Work to complete
Nothing but the lines below from the one containing "PANTONE 4268 C - Triadic Color Palette" through the one containing "Firmalar DOMOTEX Hannover" should appear in the answer, exact and without pictures.

Material for the task
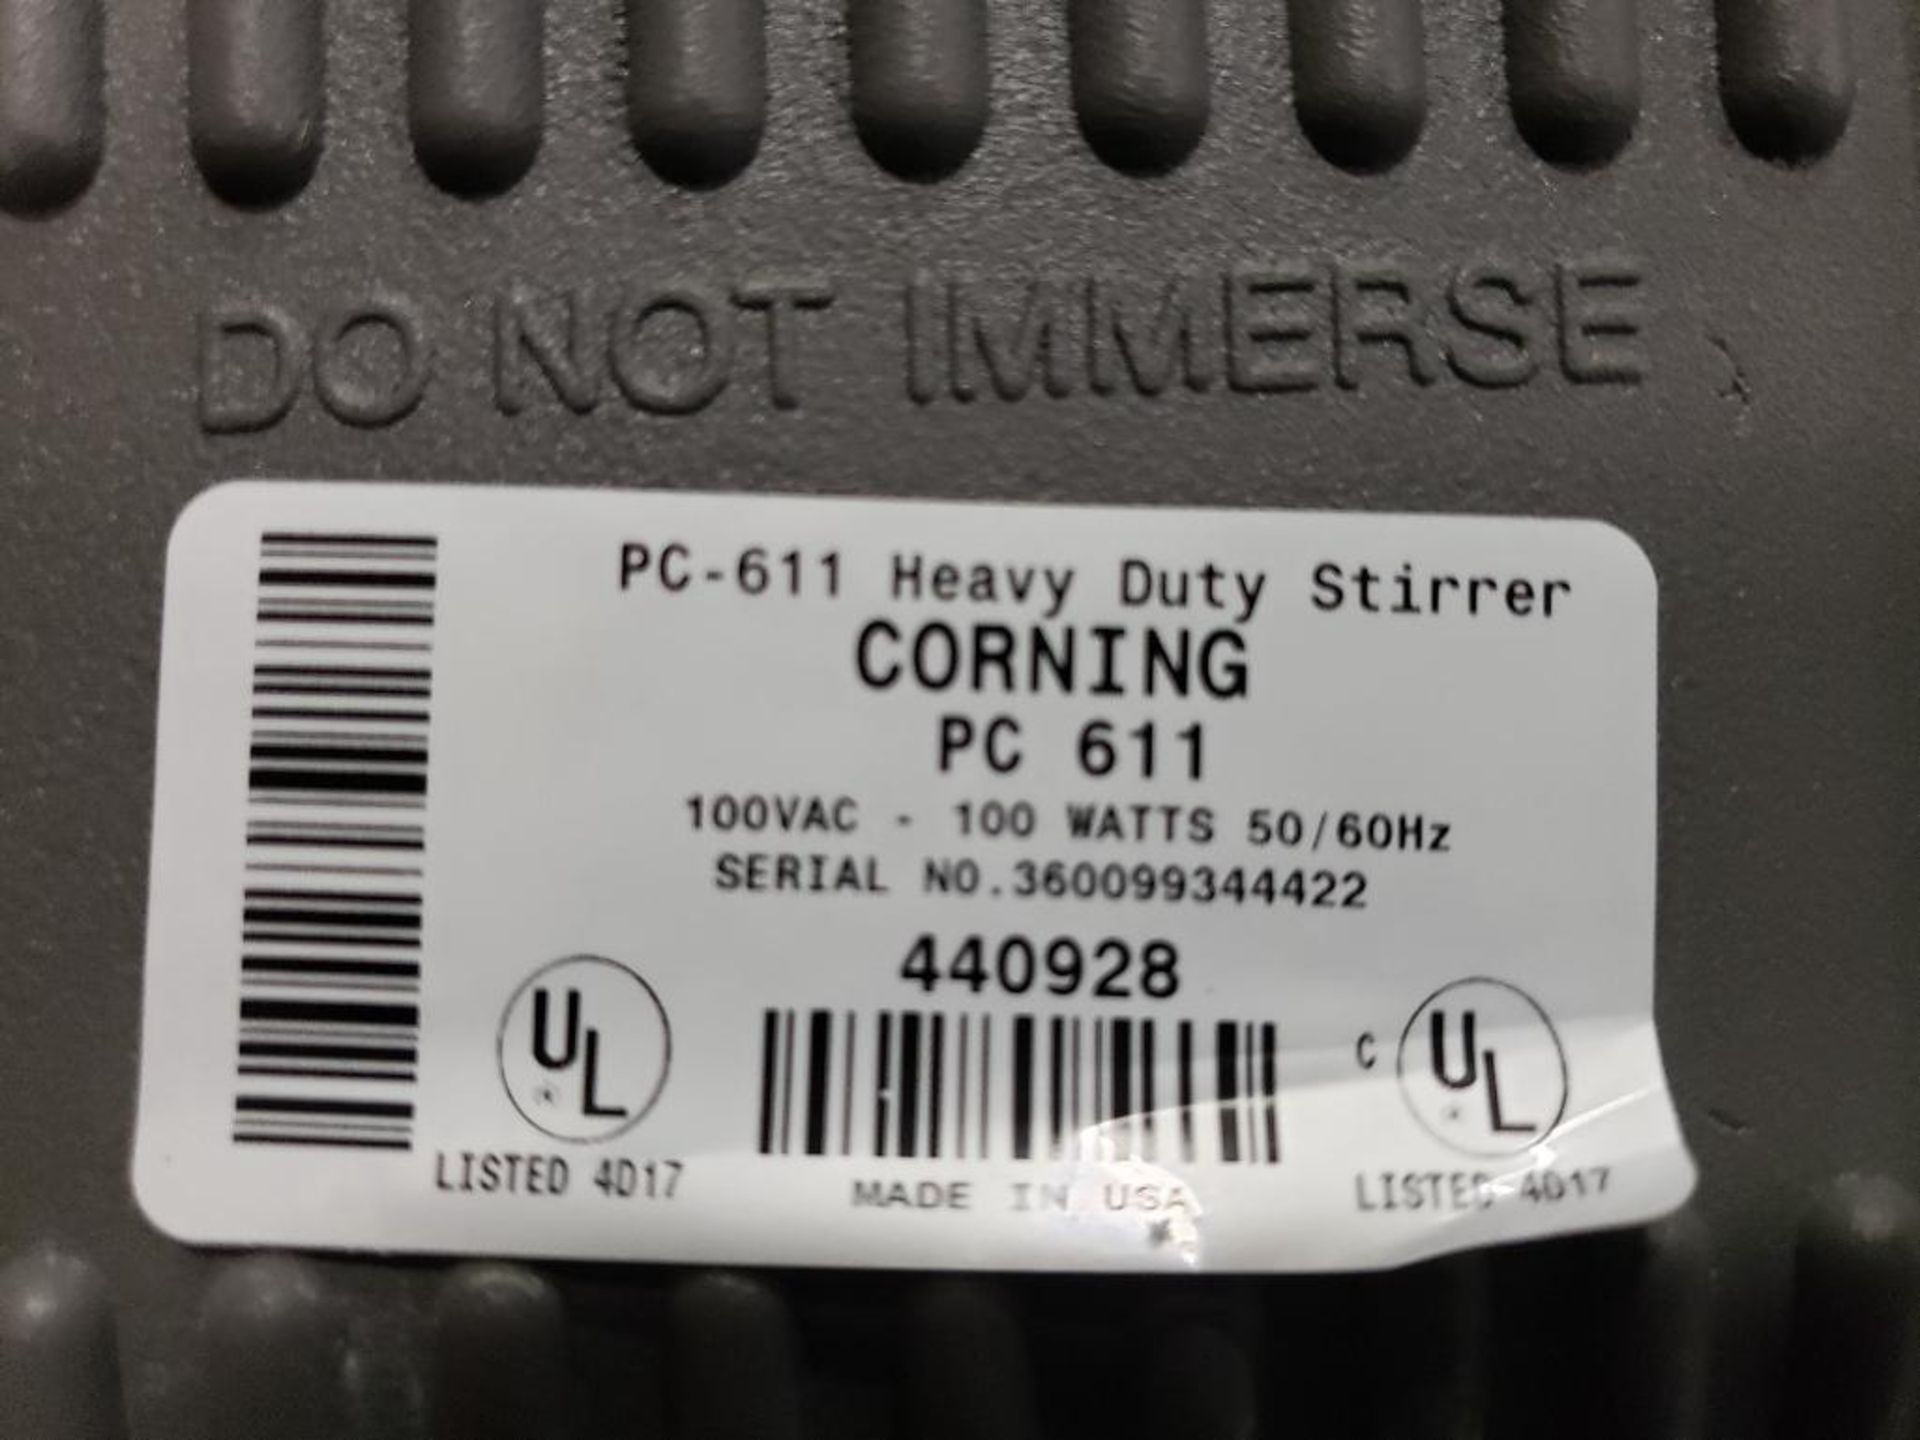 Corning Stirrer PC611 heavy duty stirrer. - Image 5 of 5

* * *

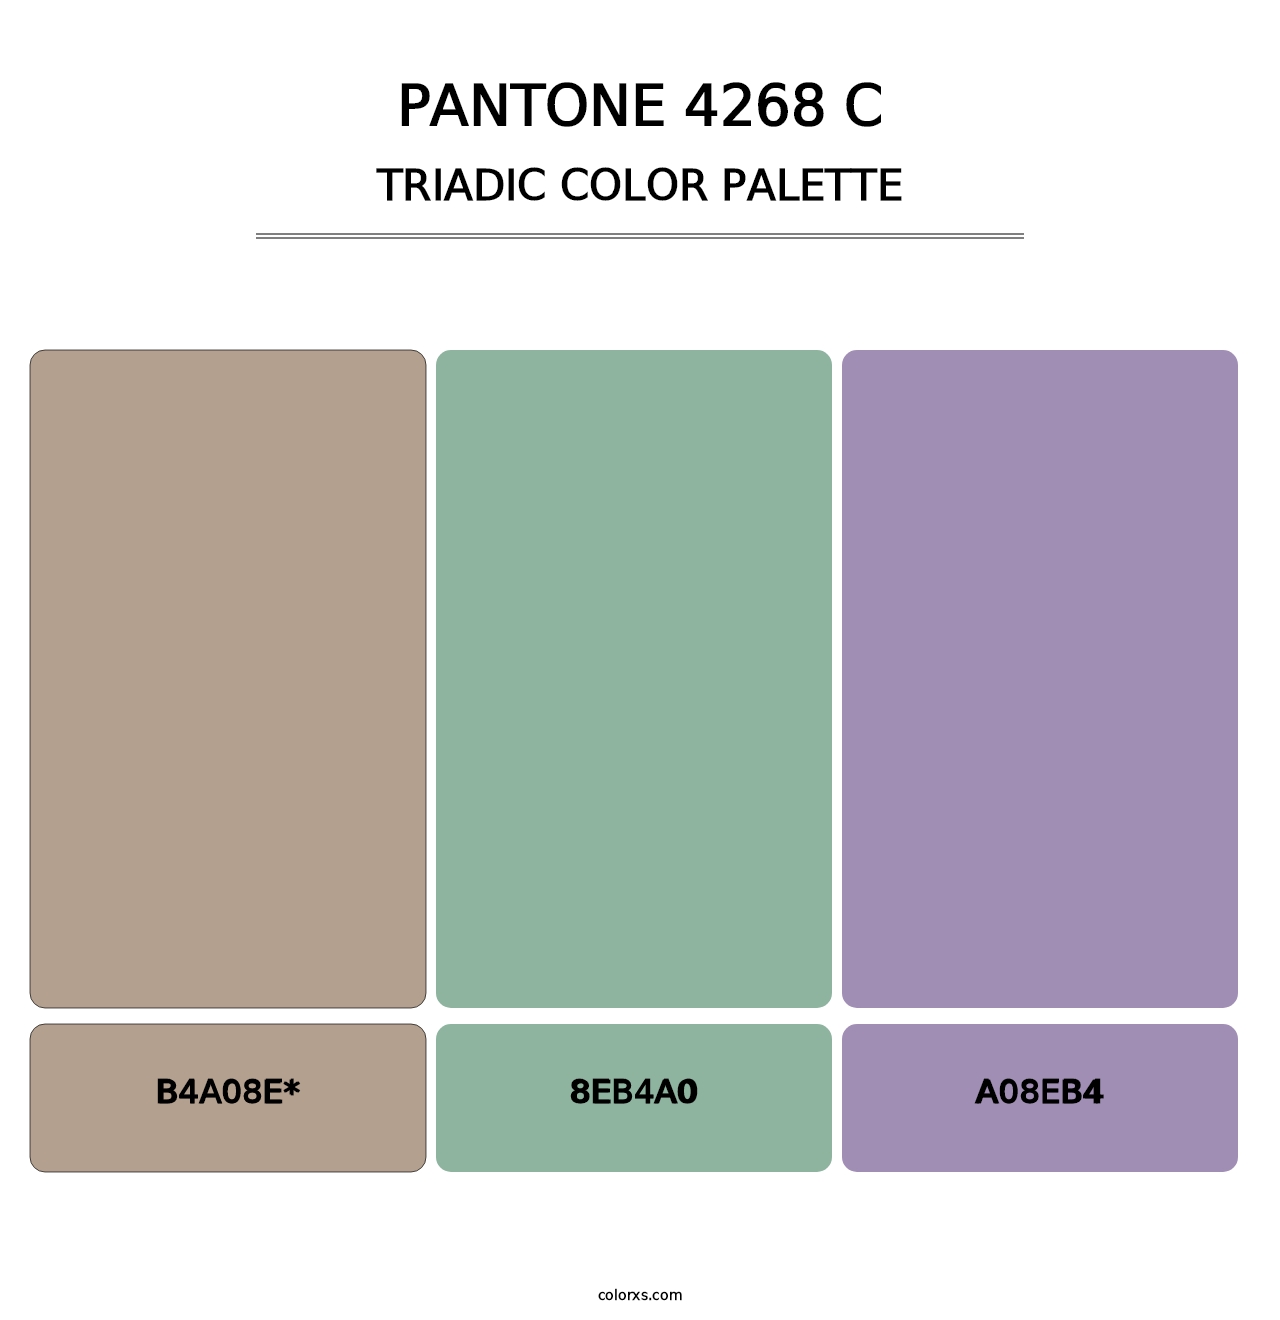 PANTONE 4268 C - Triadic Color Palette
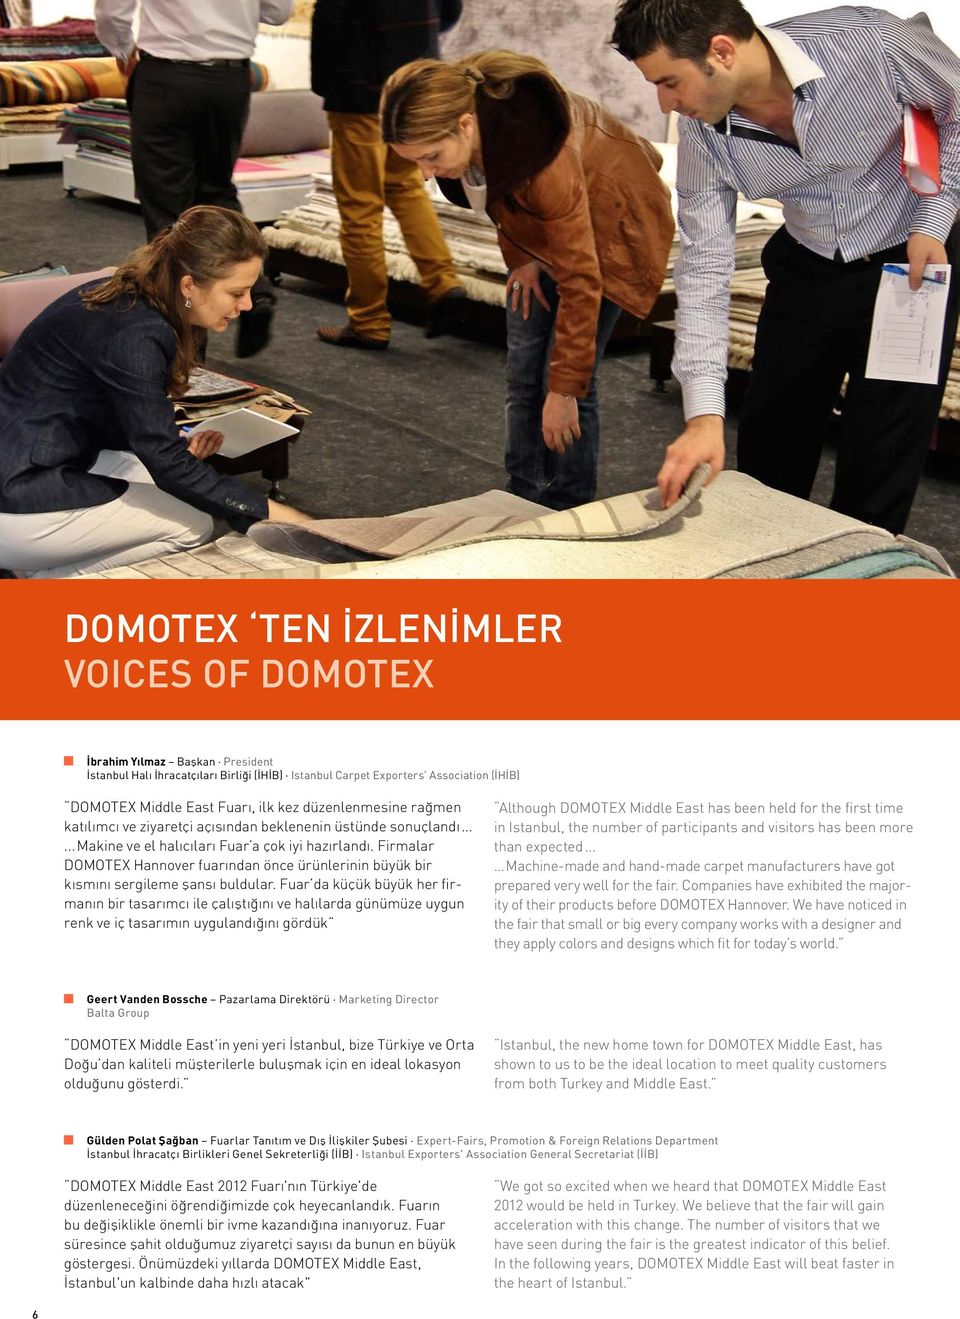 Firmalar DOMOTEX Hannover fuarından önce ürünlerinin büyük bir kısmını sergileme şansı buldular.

Written answer
 PANTONE 4268 C - Triadic Color Palette
 Firmalar DOMOTEX Hannover fuarından önce ürünlerinin büyük bir kısmını sergileme şansı buldular.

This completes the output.